Они выехали из лесной сени, описали небольшой круг, и тогда стали неясно различимы дымовые трубы и фронтоны пасторского дома. Нигде не было видно ни огонька. Экипаж остановился; незнакомец-пассажир ощупью добрался до крыльца и позвонил в колокольчик.

Когда истекли три-четыре минуты, прошедшие в терпеливом ожидании, а не раздалось ни единого звука в ответ, незнакомец шагнул вперед и стал звонить в дверной колокольчик в более решительной манере. Тут ему показалось, что он различает чьи-то шаги в холле и что шарообразная дверная ручка как будто пришла в движение, но никто не появился.

– Должно быть, их и дома-то нету, – вздохнул возница. – А я уж было пообещал себе славный ужин на кухне у пастора Суонкорта. Какие же у него распрекрасные двойные пироги подают, да кексы с инжиром, да сидр, да наливки!

– Ну, довольно, люди добрые! Будь вы богатеи или бедняки, что вам была за нужда являться сюда, на край света, да еще в ночное время? – в тот же миг раздался громкий голос, и оба собеседника, повернув головы, увидели дряхлого субъекта, который, шаркая, медленно вышел из черного входа с роговым фонарем, что болтался в его руке.

– «Ночное время», скажите на милость! А часы только-только пробили семь. Зажги-ка ты свет да пусти нас внутрь, Уильям Уорм.

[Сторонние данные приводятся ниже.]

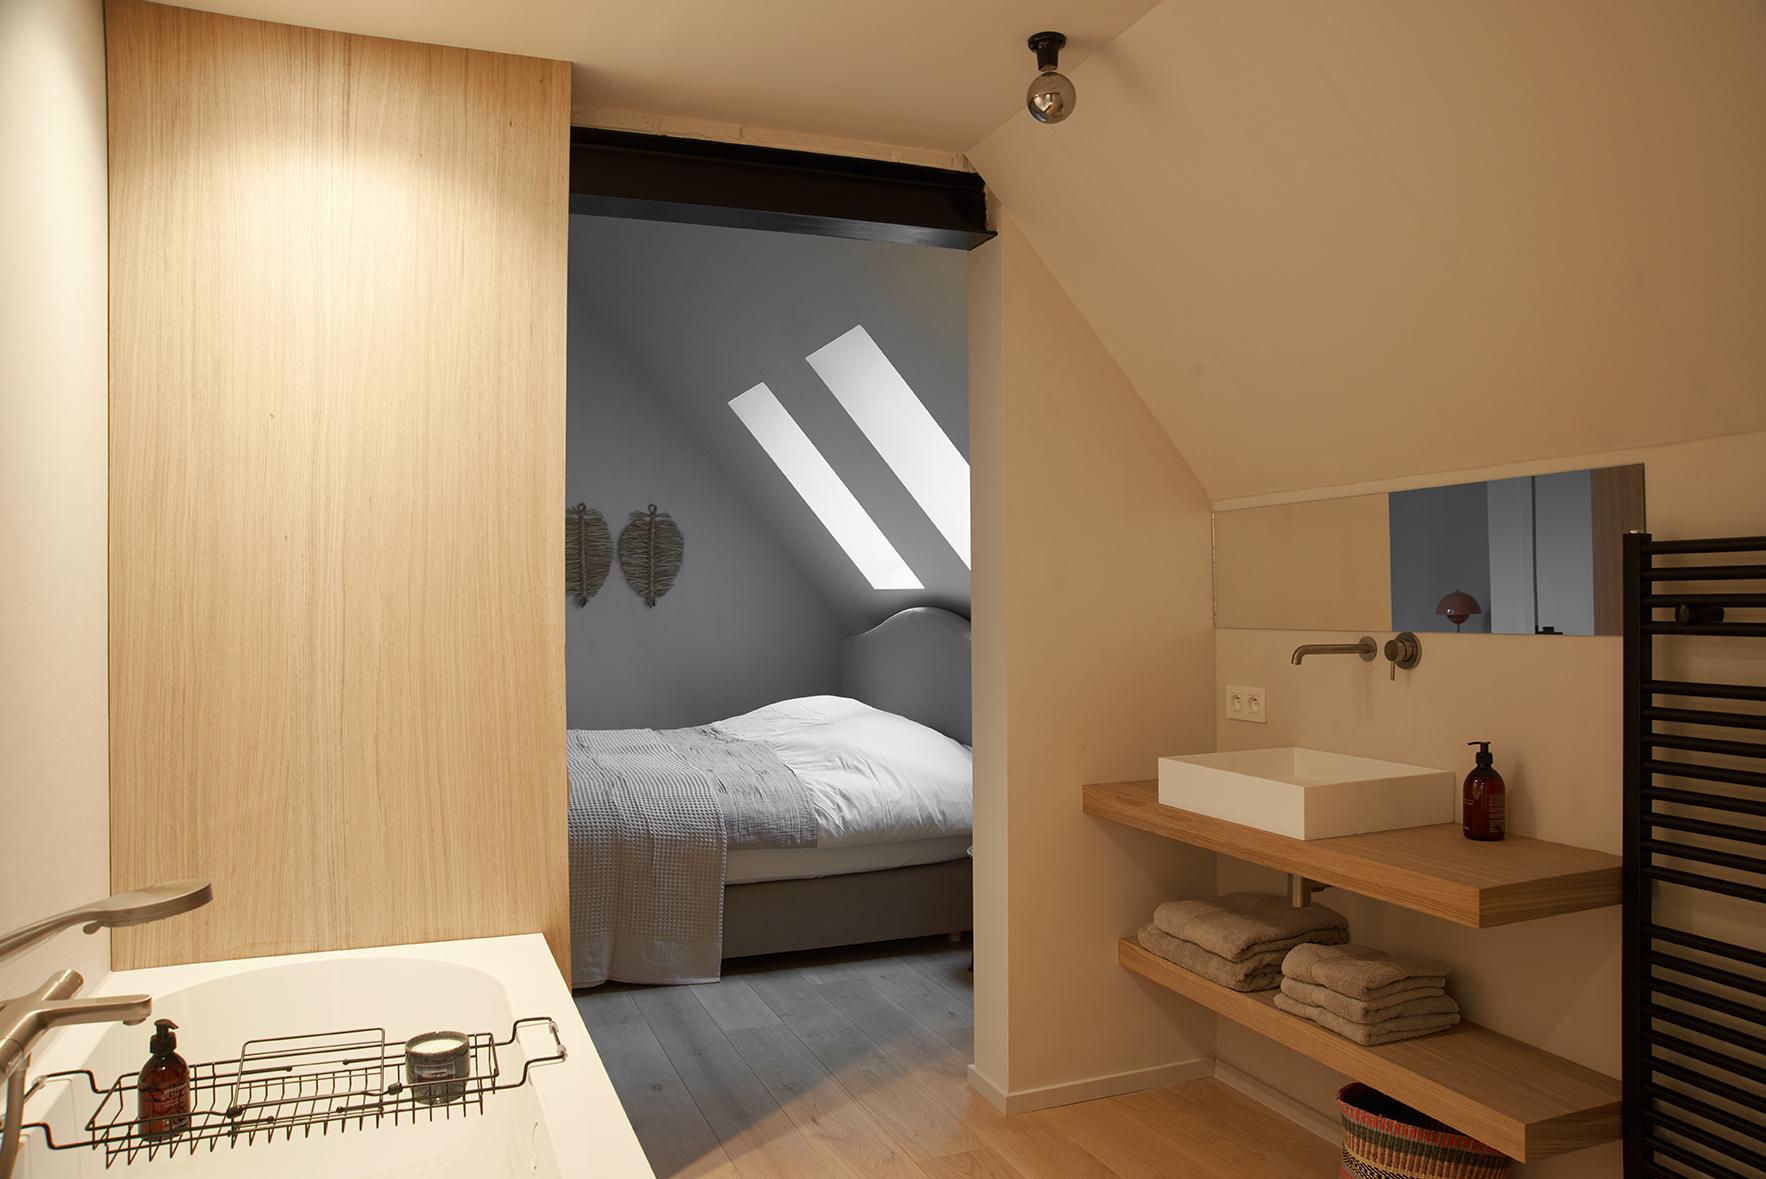 Deze gezellige kamer (20m2) beschikt over een royaal, handgemaakt, dubbel bed van de hoogste kwaliteit. De badkamer heeft een ligbad, regendouche, lavabo met spiegel en apart toilet. De mooie accenten in riet en natuurlijke materialen brengen je een stapje dichter bij de natuur… en bij elkaar.

– Ох, это ты, Роберт Ликпен?

– Он самый, Уильям Уорм.

– И с тобою визитер, которого ожидают?

– Да, – ответил незнакомец. – Дома ли мистер Суонкорт?

– Дома, сэр. Не будете ли вы столь любезны обойти кругом да пройти в дом с заднего входа? Парадную дверь заклинило – размокла от влажного снега, как это с ней порою случается; и теперь ее даже турок не откроет. Я знаю, что я всего лишь бедная старая развалина, которой никогда не расплатиться с Господом за все мои прегрешения, сэр, но я годен на то, чтобы провести вас в дом, сэр.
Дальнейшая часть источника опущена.